*** Opening of Provided data ***

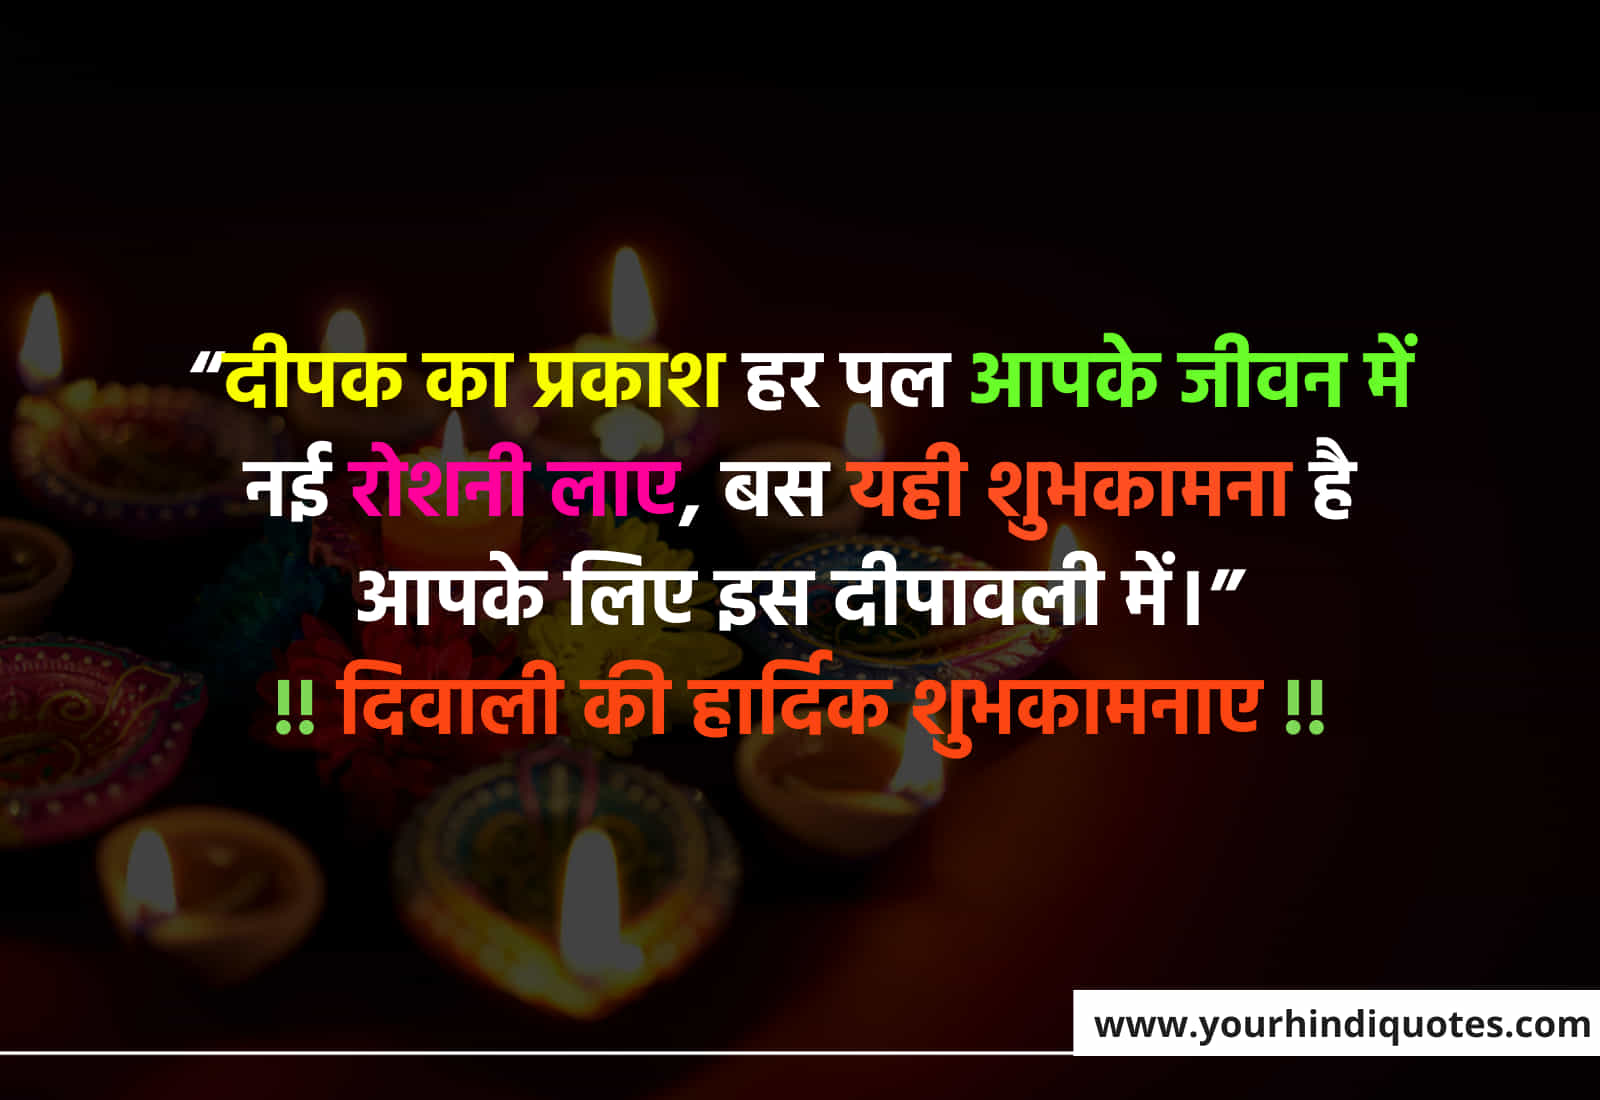 Best Diwali Messages
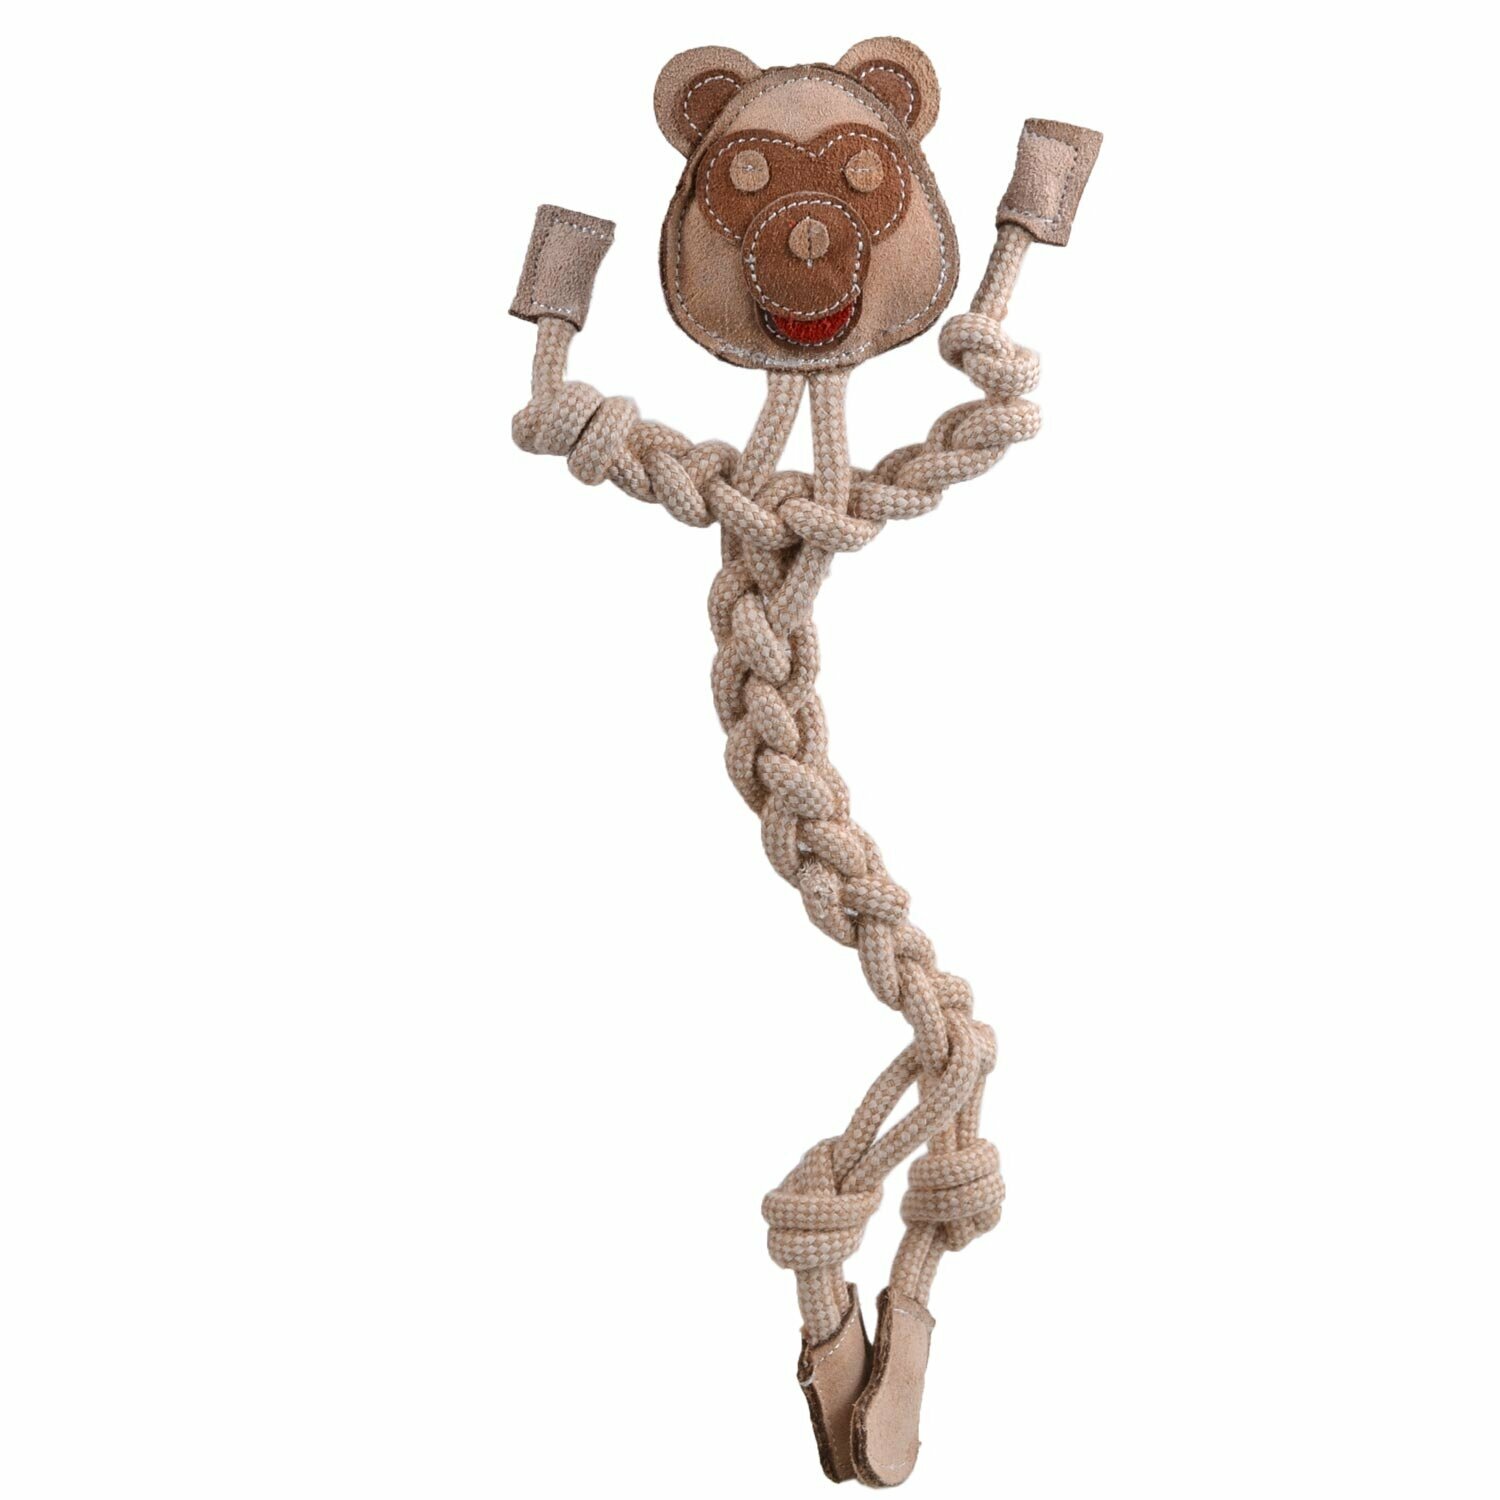 Igrača za pse iz naravnih materialov "Opica" - izdelano iz jute, bombaža in usnja
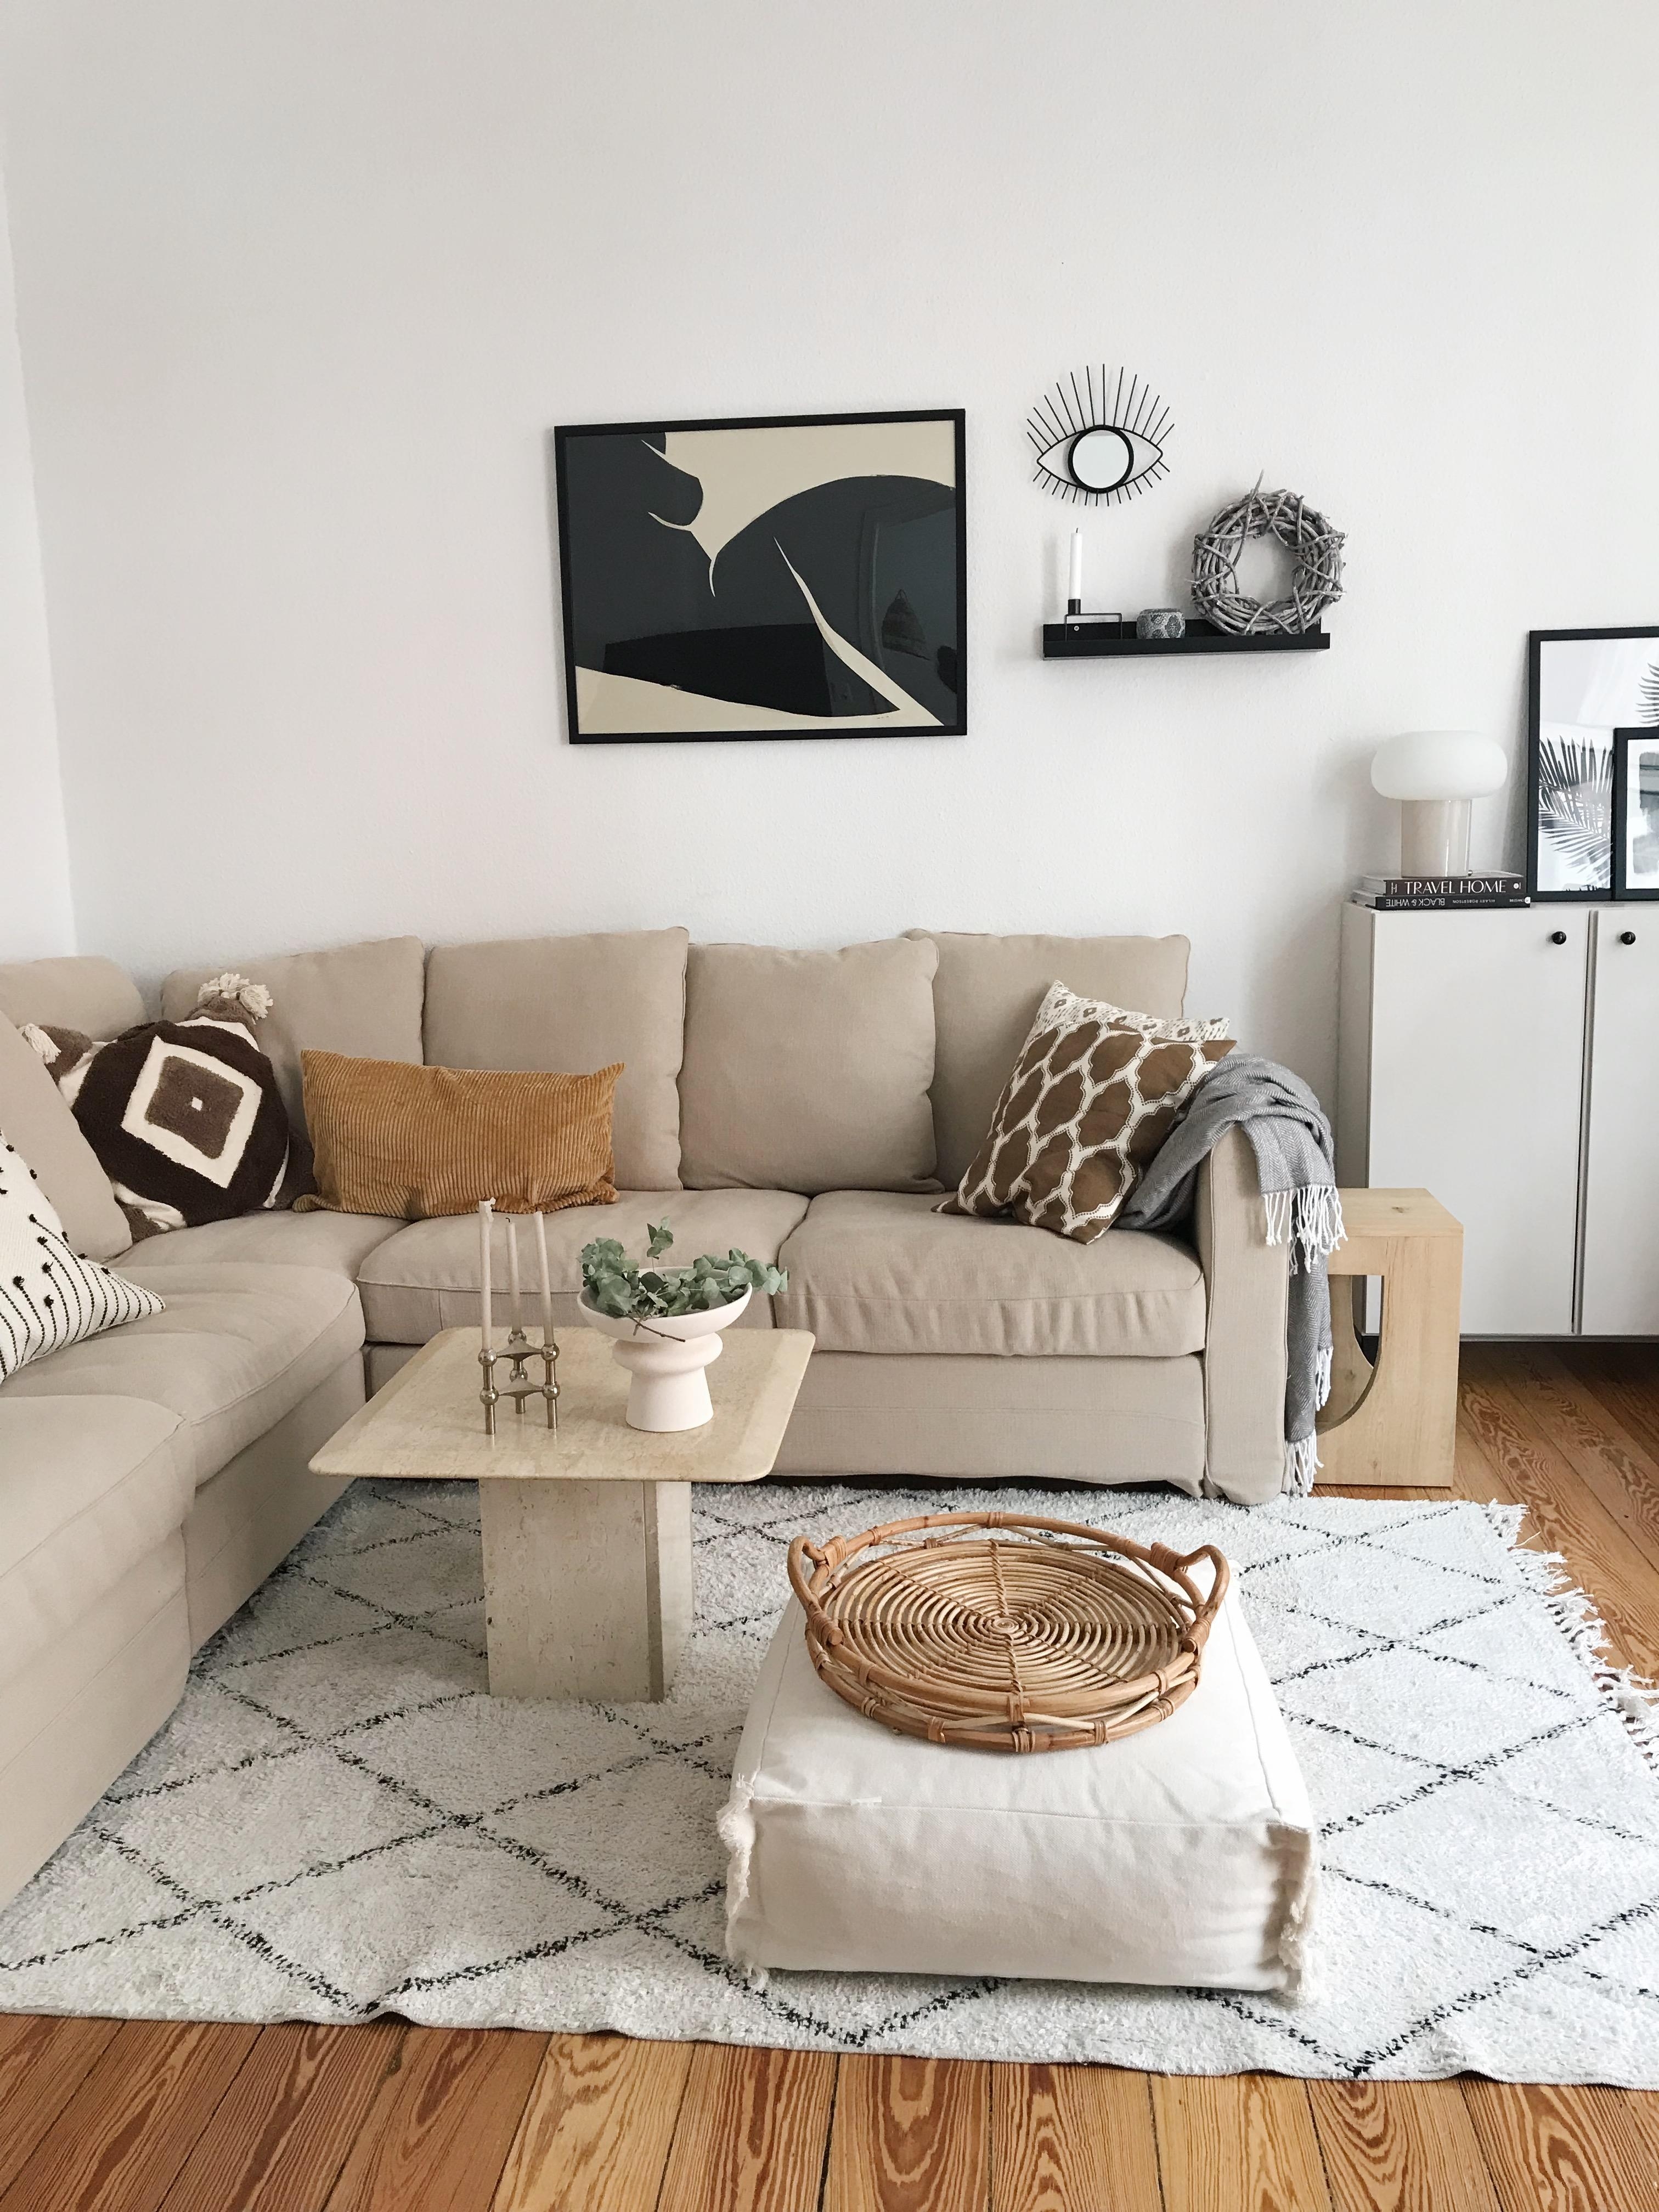 Mit erdigen Tönen einen neuen Look verliehen 🤎
#altbau#wohnzimmer#livingroom

*** Close of Provided data ***

## Task goal
Give back exactly the lines from the one containing "Mit erdigen Tönen" through the last line above, both included, and none of the pictures.

## Solution
 Mit erdigen Tönen einen neuen Look verliehen 🤎
#altbau#wohnzimmer#livingroom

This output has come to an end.